With some notable exceptions47,48,49,50, AS–MS has not been widely adopted as a small-molecule screening platform in academia, in part due to the significant infrastructure that is required, but mostly because cost-effective use of the infrastructure requires a pipeline of purified proteins in multi-milligram quantities. Given the ability to access thousands of purified proteins in these quantities in this project, AS–MS was prioritized as a screening platform (Fig. 4). To optimize screening capacity and throughput, we have elected to implement an off-line AS–MS method that screens affinity-tagged proteins (his, GFP or biotin) against pools of compounds, and then resolves the protein/compound complexes from the non-binding compounds by binding the tagged protein to the corresponding magnetic affinity microbeads50. This pipeline was piloted by screening a diverse set of 31 proteins against a small chemical library explicitly optimized for mass spectrometry screening, and binders were discovered for 11 proteins51.

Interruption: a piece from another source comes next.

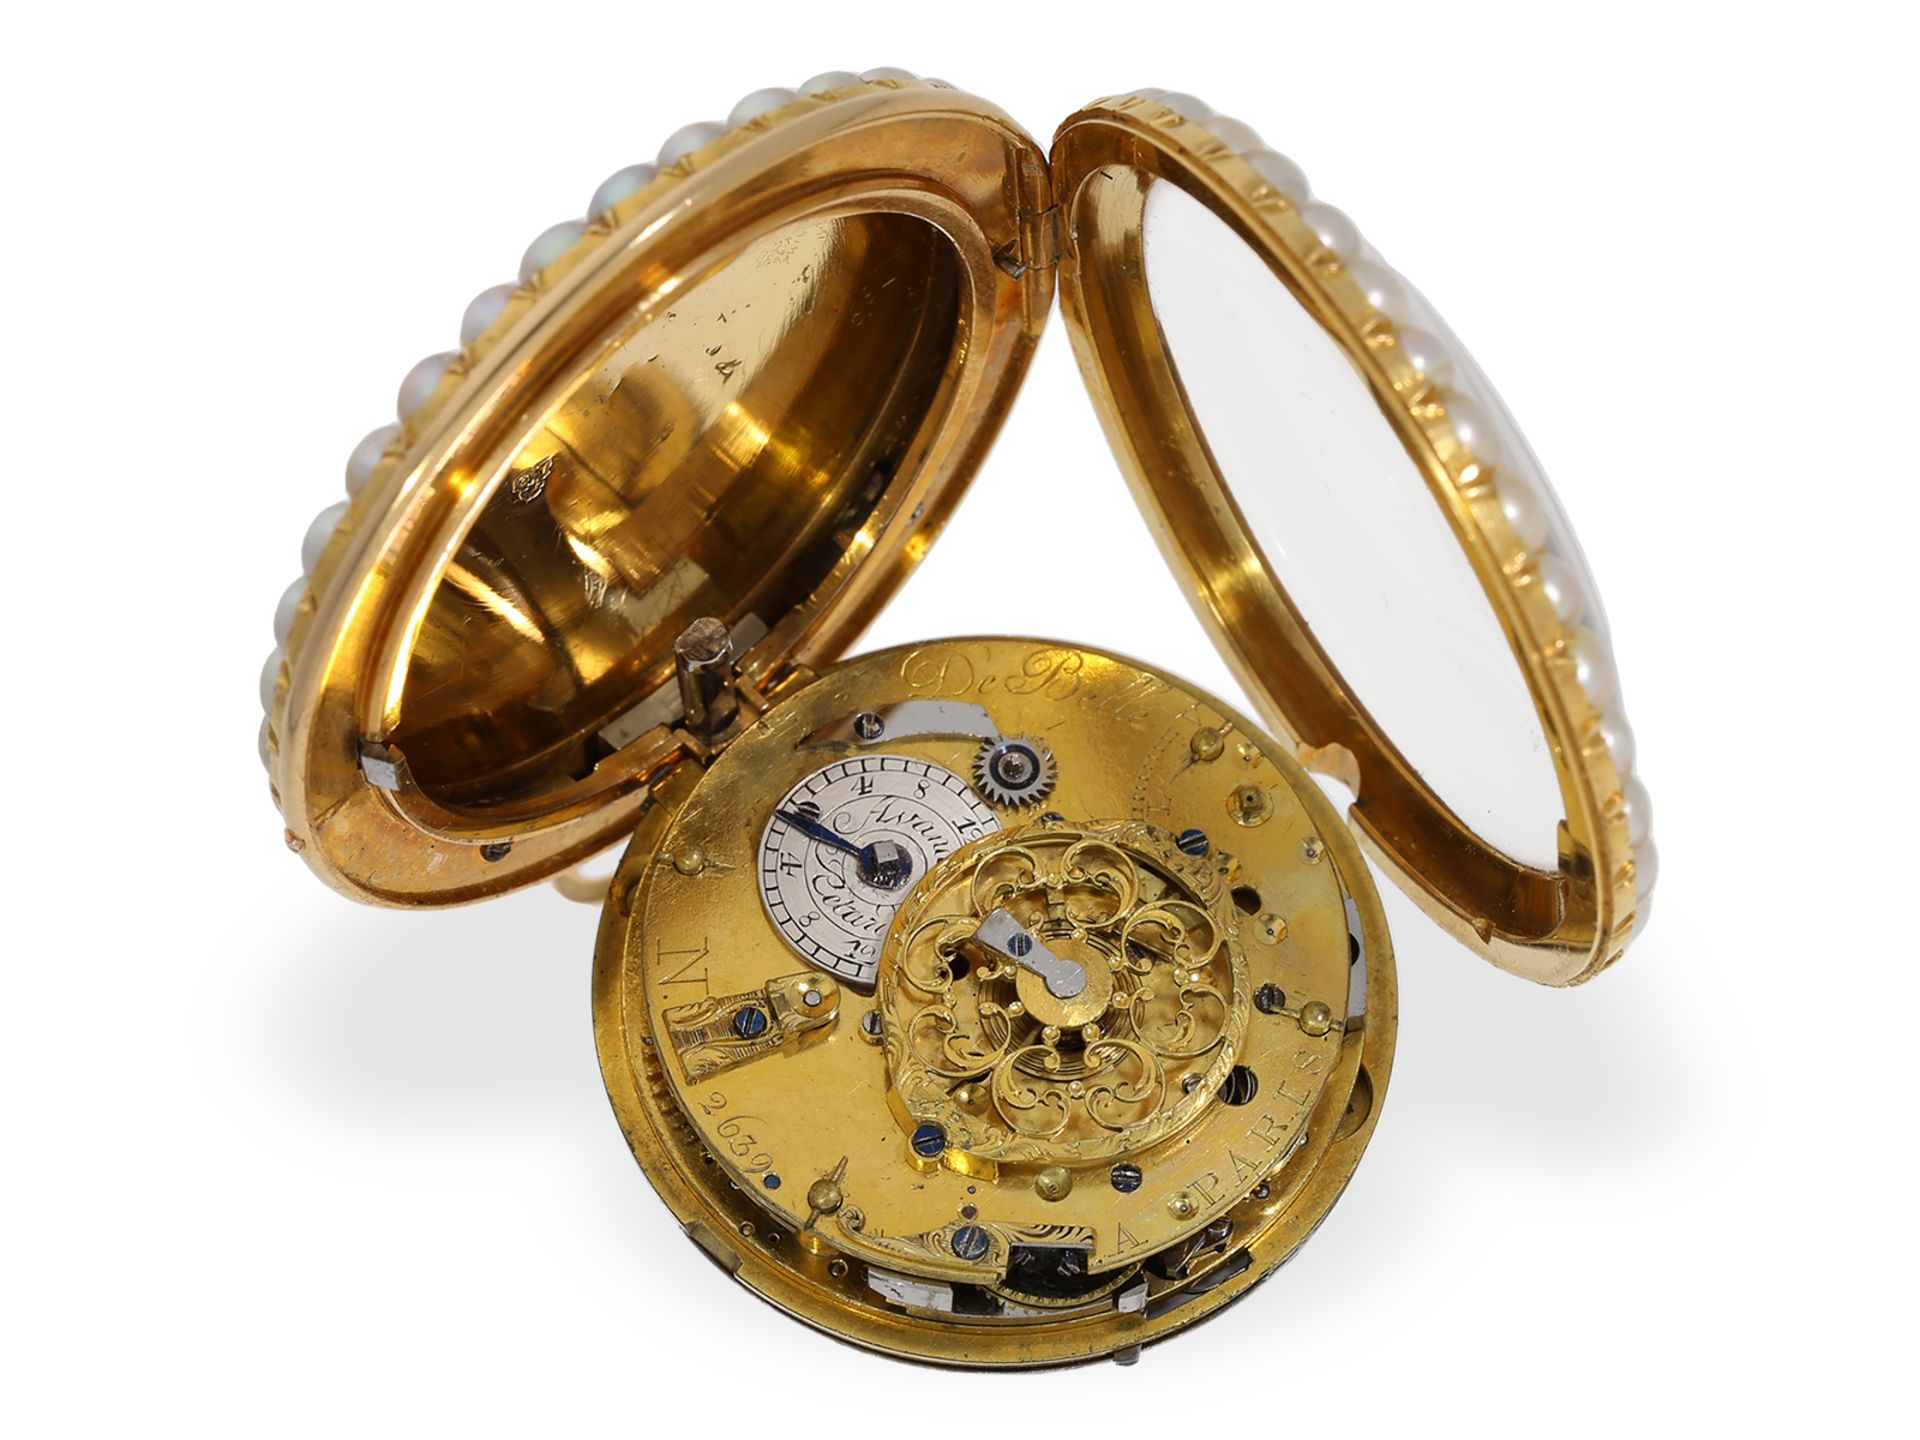 Pocket watch: very fine gold/enamel verge watch set with Oriental pearls and repeater, ca. 1800 - Image 4 of 5

From left to right: protein affinity purification by pooling 500 compounds in each affinity-selection mass spectrometry (AS–MS) sample; liquid chromatography–mass spectrometry (LC–MS) analysis of AS–MS samples; automatic data processing to identify hits; validation of hits using orthogonal biophysical methods (for example, surface plasmon resonance); and uploading AS–MS data to the Artificial Intelligence-Ready CHEmiCal Knowledge base (AIRCHECK) database, which is freely accessible to the whole community.
The primary binding data and metadata from both DEL and AS–MS screens, as well as the results from secondary biophysical assays are now being placed into AIRCHECK without restriction on use. Raw mass spectrometry data will also be made available via Metabolomics Workbench (https://www.metabolomicsworkbench.org/) or a similar vehicle.
Annotation and verification of screening data
With a priority to generate screening datasets for ML/AI applications, particular attention will be paid to data quality, data annotation and data availability — using learnings from the experiences of our industry partners and other public initiatives52. Data quality standards will be made openly available and implemented at three key levels: for the protein samples, for the DEL and AS–MS screening outputs, and for the hit annotation.
Proteins
Proteins entering screens must meet established experimental quality criteria and must also be accompanied by key metadata that might influence data interpretation and model building, such as purification conditions or the presence of metal ions.
Screening datasets
Primary AS–MS and DEL screening-derived datasets will be assessed for technical quality against a set of relevant parameters (Supplementary Fig. 3). For public DEL and AS–MS screens that pass quality checks, all the raw screening data will be placed into the public domain.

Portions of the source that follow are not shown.